An IUserType is just a way to map a type to something else that can be understood by the database, perfect! Just what I was looking for! I throw away my 2 hours of work to implement my custom ListItemUserType solution in 10 minutes:

public class ListItemType : IUserType
{
	public SqlType[] SqlTypes
	{
		get
		{
			SqlType[] types = new SqlType[1];
			types[0] = new SqlType(DbType.Int32);
			return types;
		}
	}

	public Type ReturnedType
	{
		get { return typeof(ListItem); }
	}

	public new bool Equals(object x, object y)
	{
		return x != null && x.Equals(y);
	}

	public int GetHashCode(object x)
	{
		return x.GetHashCode();
	}

	public object NullSafeGet(IDataReader rs, string[] names, object owner)
	{
		//We get the string from the database using the NullSafeGet used to get strings 
		int id = Convert.ToInt32(NHibernateUtil.String.NullSafeGet(rs, names[0]));

		return ListItem.GetList().Where(i => i.Id == id).Single();
	}

	public void NullSafeSet(IDbCommand cmd, object value, int index)
	{
		//Set the value using the NullSafeSet implementation for string from NHibernateUtil
		if (value == null)
		{
			NHibernateUtil.String.NullSafeSet(cmd, null, index);
			return;
		}
		NHibernateUtil.String.NullSafeSet(cmd, ((ListItem)value).Id.ToString(), index);
	}

	public object DeepCopy(object value)
	{
		return value;
	}

	public bool IsMutable
	{
		get { return false; }
	}

	public object Replace(object original, object target, object owner)
	{
		//As our object is immutable we can just return the original
		return original;
	}

	public object Assemble(object cached, object owner)
	{
		//Used for casching, as our object is immutable we can just return it as is
		return cached;
	}

	public object Disassemble(object value)
	{
		//Used for casching, as our object is immutable we can just return it as is
		return value;
	}
}

The key points are:

  • I tell NHibernate how to represent this type at the database level (as a single integer column), lines 7-9.
  • In the NullSafeGet() implementation I read the integer key of the object and perform the lookup using Linq, lines 30-33.
  • In the NullSafeSet() I just tell NHibernate to persist only the id of the object,lines 38-44.

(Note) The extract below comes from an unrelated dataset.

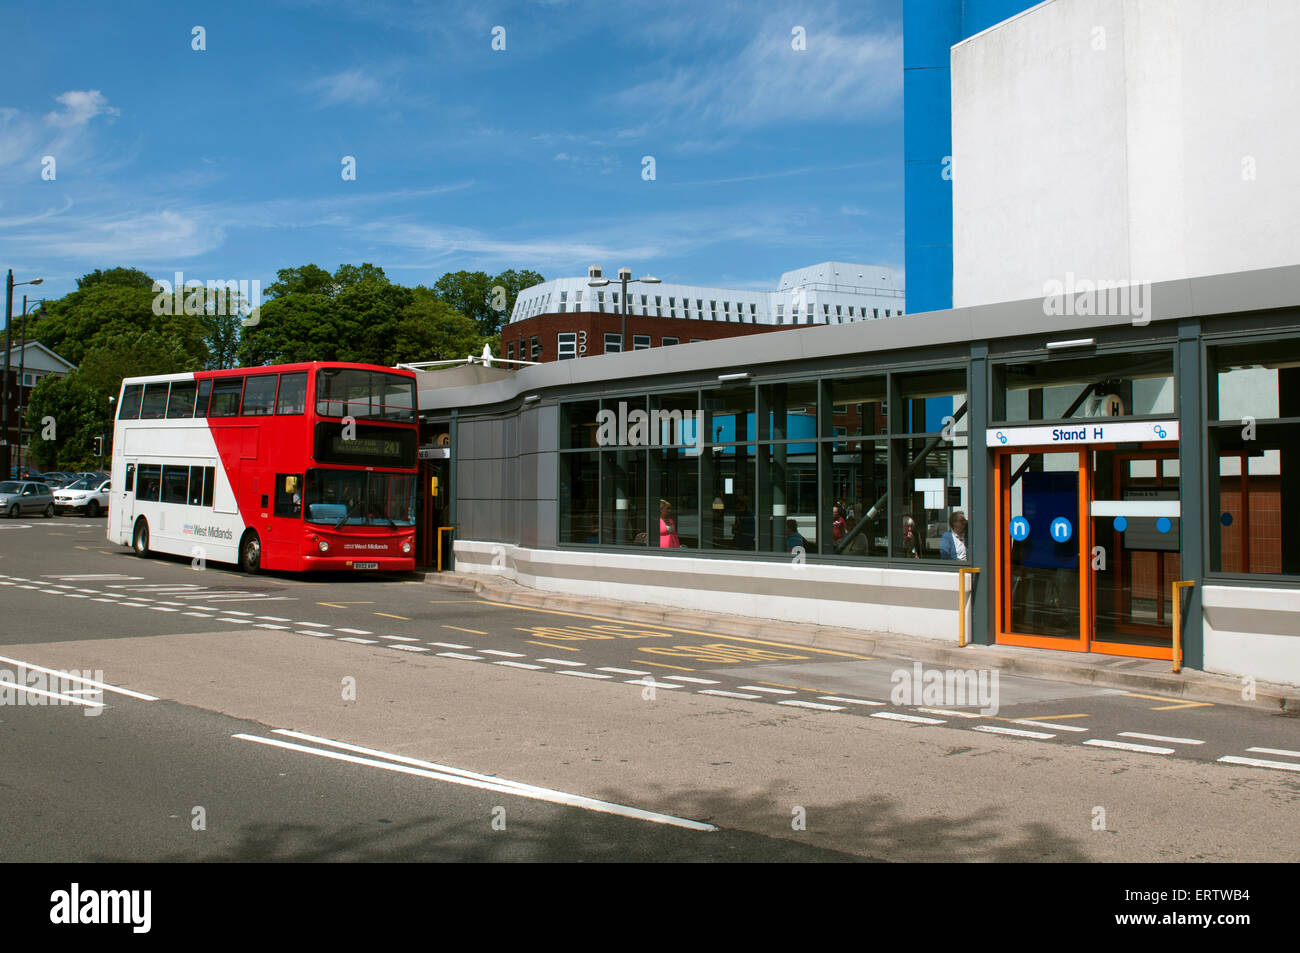 Halespwen Bus Station, West Midlands, England, UK Stock Photo - Alamy

The mapping is extremely simple:

<?xml version="1.0" encoding="utf-8" ?>
<hibernate-mapping xmlns="urn:nhibernate-mapping-2.2" 
				   default-lazy="false" 
				   default-cascade="all-delete-orphan"
				   assembly="YYY"
				   namespace="XXX">
	<class name="EntityUsingListItem" table="EntityUsingListItem"  >
		<id name="Id" type="Int32" >
			<generator class="native" />
		</id>
		<property name="Name" type="string" />
		
		<property name="ListItem" type="XXX.ListItemType, YYY" />

		<bag name="List" table="EntityListBridge" >
			<key not-null="true" />
			<element column="listid" type="XXX.ListItemType, YYY" not-null="true" />
		</bag>
	</class>
</hibernate-mapping>

In this way we only persist the integer Id of the ListItem when the object is saved (the user type do it for me) and when it is loaded I get the full instance of the ListItem class in each referencing properties (again, the user type does the lookup for me); the result are less data that go back and forth to the database each time you load your main entity and the whole application will be faster, especially if you have lots of lookup values.

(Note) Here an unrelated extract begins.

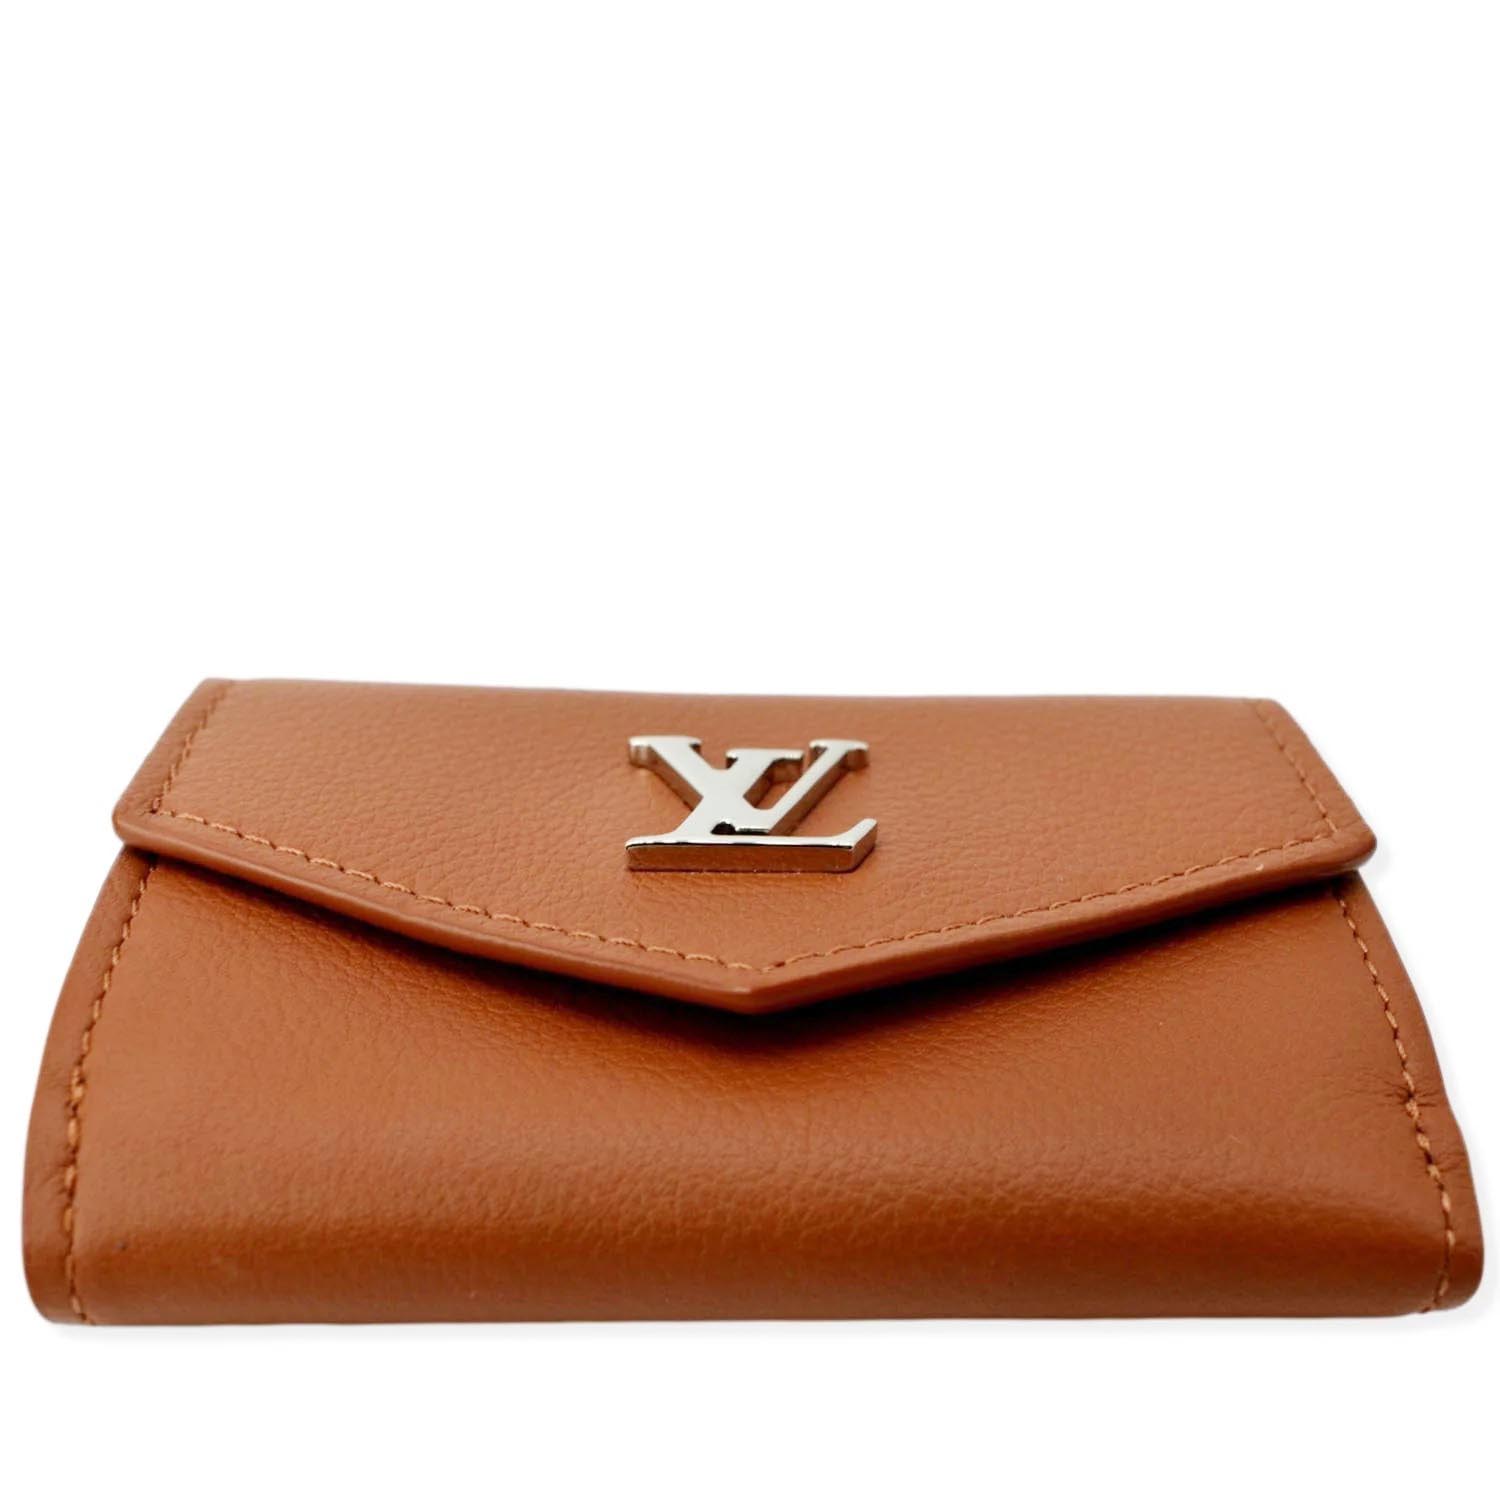 Louis Vuitton Lockmini Wallet Leather Black 125209394

If all your lookup classes are derived from the same base class it’s easy to realize a generic version of this custom user type and use it to load and save all your lookup values reusing the code.

If at a later time, you need to persist this table to the database because the users can now add and remove items from the ListItem values collection, you can easily change the mapping again without loosing any of your data already stored in the database.